Richtlijn aanvullende pensioenen nog niet in zicht
Werknemers in de hele Europese Unie moeten uiterlijk vanaf hun 25ste
een aanvullend pensioen kunnen opbouwen. Dat vindt het Europees
Parlement, dat daartoe vorige week een voorstel heeft aangenomen van
Europarlementariër Ria Oomen-Ruijten. De Raad van Ministers is echter
tegen de ontwerprichtlijn Overdraagbaarheid aanvullende pensioenen
(waar het voorstel betrekking op heeft), dat daarom nu teruggaat naar
de Europese Commissie.
De Europese Commissie heeft in oktober 2005 een eerste aanzet gedaan
voor de Richtlijn Overdraagbaarheid aanvullende pensioenen, die de
overdraagbaarheid van aanvullende pensioenen moet verbeteren.

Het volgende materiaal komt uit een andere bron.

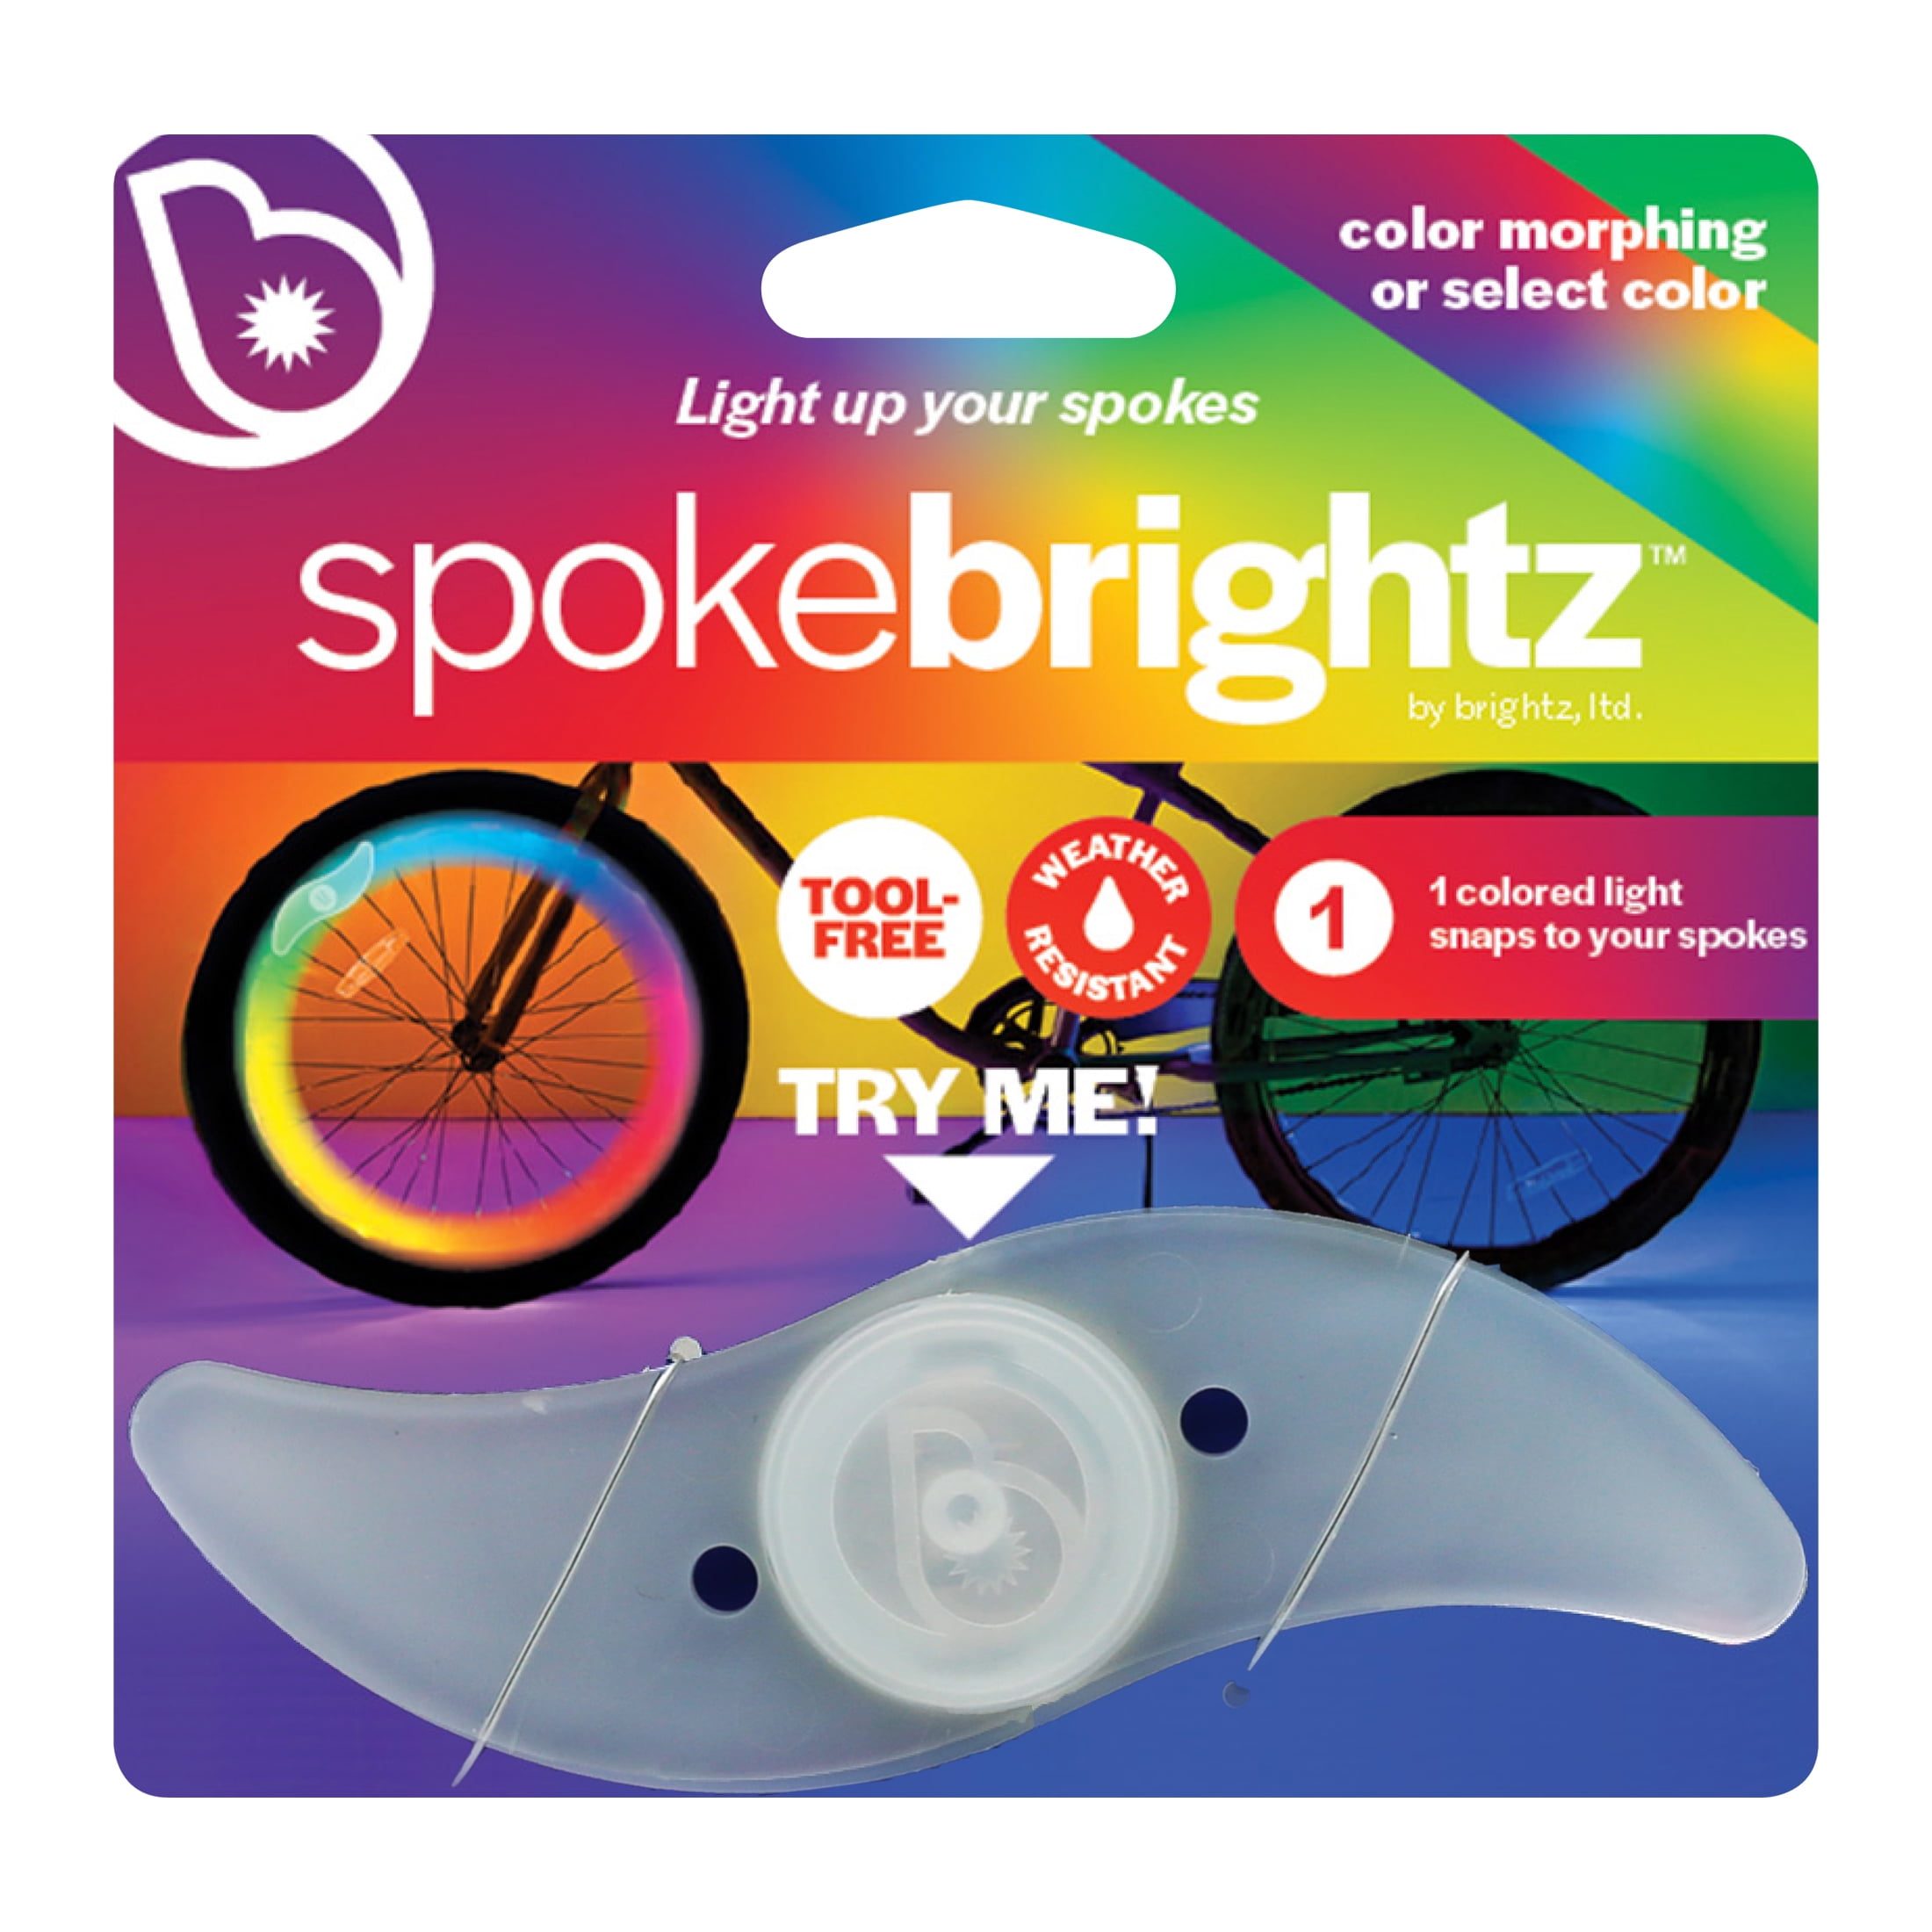 Spoke Brightz Color Morphing LED Bicycle Spoke Light, for 1 Wheel

Werknemers die binnen de EU van baan wisselen, ondervinden (te) vaak
problemen met het 'meenemen' van hun pensioen - niet alleen tussen de
lidstaten, maar ook binnen de landsgrenzen en dat belemmert de
arbeidsmobiliteit.
Afwijzing Raad
Het Parlement heeft vorige week ingestemd met het richtlijnvoorstel,
waarin onder meer een voorstel van Europarlementariër Ria
Oomen-Ruijten is opgenomen om een minimumleeftijd in te stellen waarop
een werknemer pensioen moet gaan opbouwen. Op voorstel van
Oomen-Ruijten is die leeftijd op 25 jaar gezet.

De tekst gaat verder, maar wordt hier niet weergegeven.